"Nous appelons le gouvernement de Turquie à respecter les institutions démocratiques de la nation et l'Etat de droit", a martelé le secrétaire d’État américain, John Kerry, à l'issue d'une réunion à Bruxelles avec les ministres des Affaires étrangères de l'UE.
"Le niveau de vigilance et de surveillance va être important dans les jours qui viennent", a prévenu M. Kerry, lors d'une conférence de presse avec la chef de la diplomatie européenne Federica Mogherini.
Trois jours après le putsch qui a fait au moins 308 morts, dont plus de 100 mutins, un total de 7.543 suspects étaient en garde à vue lundi, dont 6.038 militaires, 755 magistrats et 100 policiers.
"Nous disons aujourd'hui que l'Etat de droit doit être protégé pour le bien" de la Turquie, a affirmé de son côté Mme Mogherini.
La diplomate italienne, qui coordonne l'action extérieure de l'UE, a aussi averti la Turquie que sa candidature à l'UE pourrait être remise en cause après les déclarations du président Recep Tayyip Erdogan évoquant une possible réintroduction de la peine de mort.
"Aucun pays ne peut adhérer à l'UE s'il introduit la peine de mort", a dit Mme Mogherini.
La chancelière allemande Angela Merkel a téléphoné lundi au président turc pour lui passer ce message.
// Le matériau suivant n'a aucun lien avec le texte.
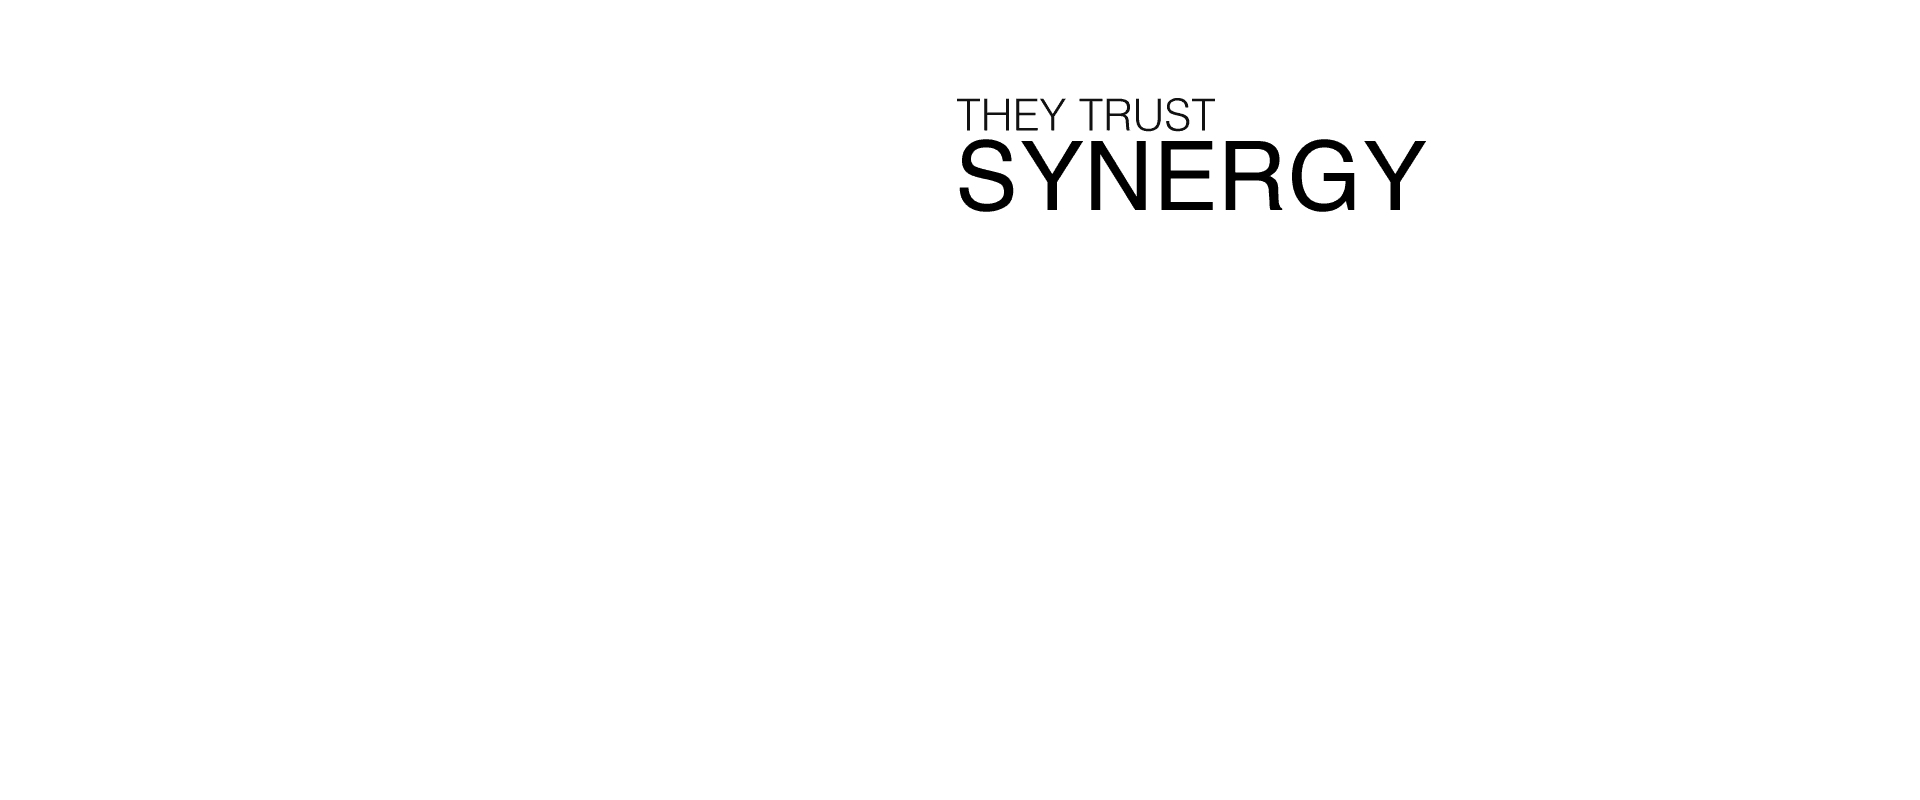 synergy formwork message 1920x800 01 - Coffrages Synergy

Elle a souligné "très clairement" à M. Erdogan que la peine de mort ne serait "en aucun cas compatible avec une adhésion à l'UE", selon une porte-parole du gouvernement.
L'Allemagne est le pays européen qui compte la plus grande communauté turque hors de Turquie. Samedi, Mme Merkel, cheville ouvrière de l'accord UE-Turquie sur les réfugiés, avait déjà appelé M. Erdogan à traiter les putschistes en respectant "l'Etat de droit".
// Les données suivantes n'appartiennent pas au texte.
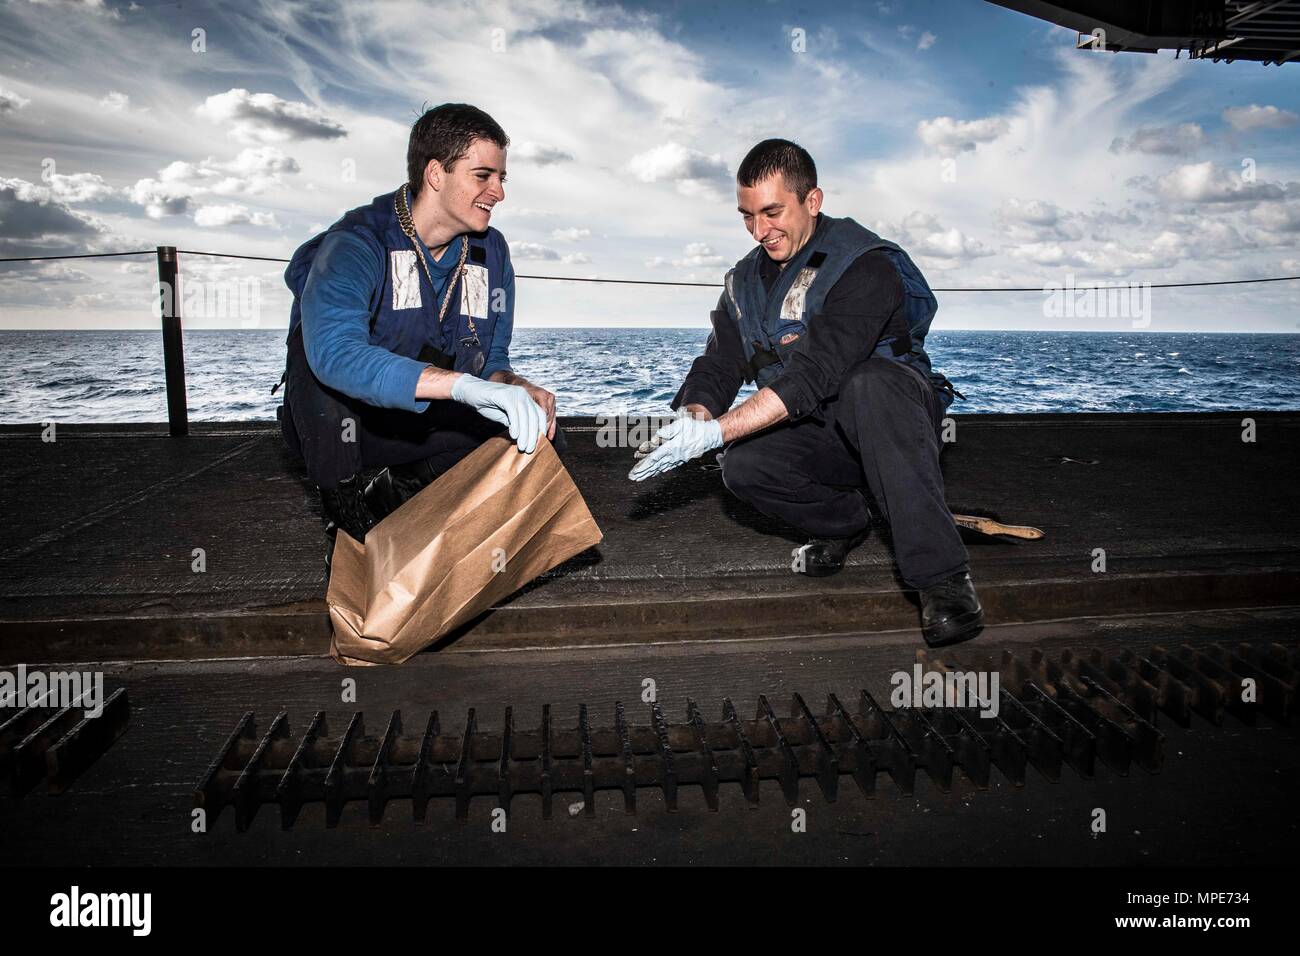 170207-N-IE397-040 ATLANTIC OCEAN  (Feb 7, 2017) Airman Devan Batie, from Salt Lake City, left, and Airman Chris Dukette, from Chicopee, Mass., remove debris from a deck drain in the hangar bay of the aircraft carrier USS Dwight D. Eisenhower (CVN 69). The ship is conducting aircraft carrier qualifications during the sustainment phase of the Optimized Fleet Response Plan (OFRP). (U.S. Navy photo by Mass Communication Specialist 3rd Class Christopher A. Michaels/Released) Stock Photo

- Le 'courage' des Turcs -
De son côté, le ministre français des Affaires étrangères, Jean-Marc Ayrault, a affirmé que les Européens "feront tout pour que la peine de mort ne soit pas rétablie".
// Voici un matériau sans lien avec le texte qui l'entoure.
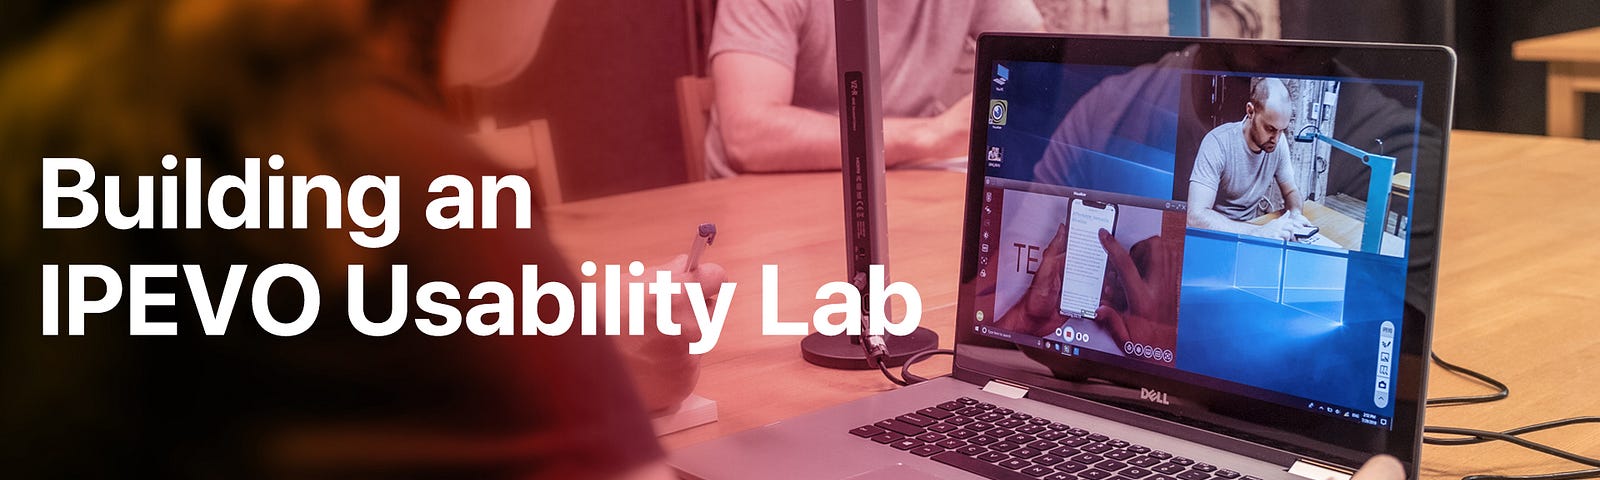 Building an affordable and portable IPEVO usability lab

"La Turquie a pris des engagements, elle est signataire de la Convention européenne des droits de l’Homme, elle est membre du Conseil de l’Europe", a rappelé M. Ayrault à Bruxelles.
La peine de mort a été officiellement abolie en Turquie en 2004 dans le cadre de la candidature d'Ankara à l'entrée dans l'Union européenne.
"Aucun Etat membre" du Conseil de l'Europe "ne peut exercer la peine de mort", a souligné le secrétaire général de cette organisation, Thorbjørn Jagland.
Le secrétaire général de l'Otan, Jens Stoltenberg, a de son côté téléphoné au président turc, a indiqué l'Alliance atlantique, dont la Turquie est un membre stratégique.
"Il est essentiel pour la Turquie, comme pour tous les autres alliés, de respecter pleinement la démocratie et ses institutions, l'ordre constitutionnel, l'Etat de droit et les libertés fondamentales", a estimé M. Stoltenberg.
Mais le chef de l'Otan a aussi à nouveau "condamné" la tentative de coup d'Etat et apporté son "soutien total aux institutions démocratiques turques", estimant que "le peuple de Turquie a fait preuve d'un grand courage".
- Washington demande 'des preuves' -
La demande d'adhésion de la Turquie à l'UE s'était déjà heurtée aux inquiétudes grandissantes des Etats membres de l'UE quant aux dérives autoritaires du régime du président Erdogan en matière de liberté de la presse et de droits de l'Homme.
A son arrivée à Bruxelles lundi matin, le commissaire européen à l'Elargissement Johannes Hahn, chargé du dossier de la candidature turque à l'UE, a suggéré que le gouvernement turc avait déjà préparé, avant la tentative de coup d'Etat, une liste de personnes à arrêter.
"Je pense que le fait que les listes soient déjà disponibles juste après l'événement montre qu'elles ont été préparées pour être utilisées à un certain moment", a-t-il observé.
Le ministre des Affaires étrangères turc, Mevlut Cavusoglu, a répliqué sur Twitter que les allégations du commissaire européen "dépassent l'entendement et (sont) totalement inacceptable".
Interrogé sur la demande faite par le président Erdogan que Washington lui livre le prédicateur musulman en exil Fethullah Gülen, accusé par Ankara d'avoir fomenté le putsch avorté, M. Kerry a estimé que le régime turc devait présenter "des preuves, pas des allégations" contre l'opposant de 75 ans qui vit reclus aux Etats-Unis depuis 1999.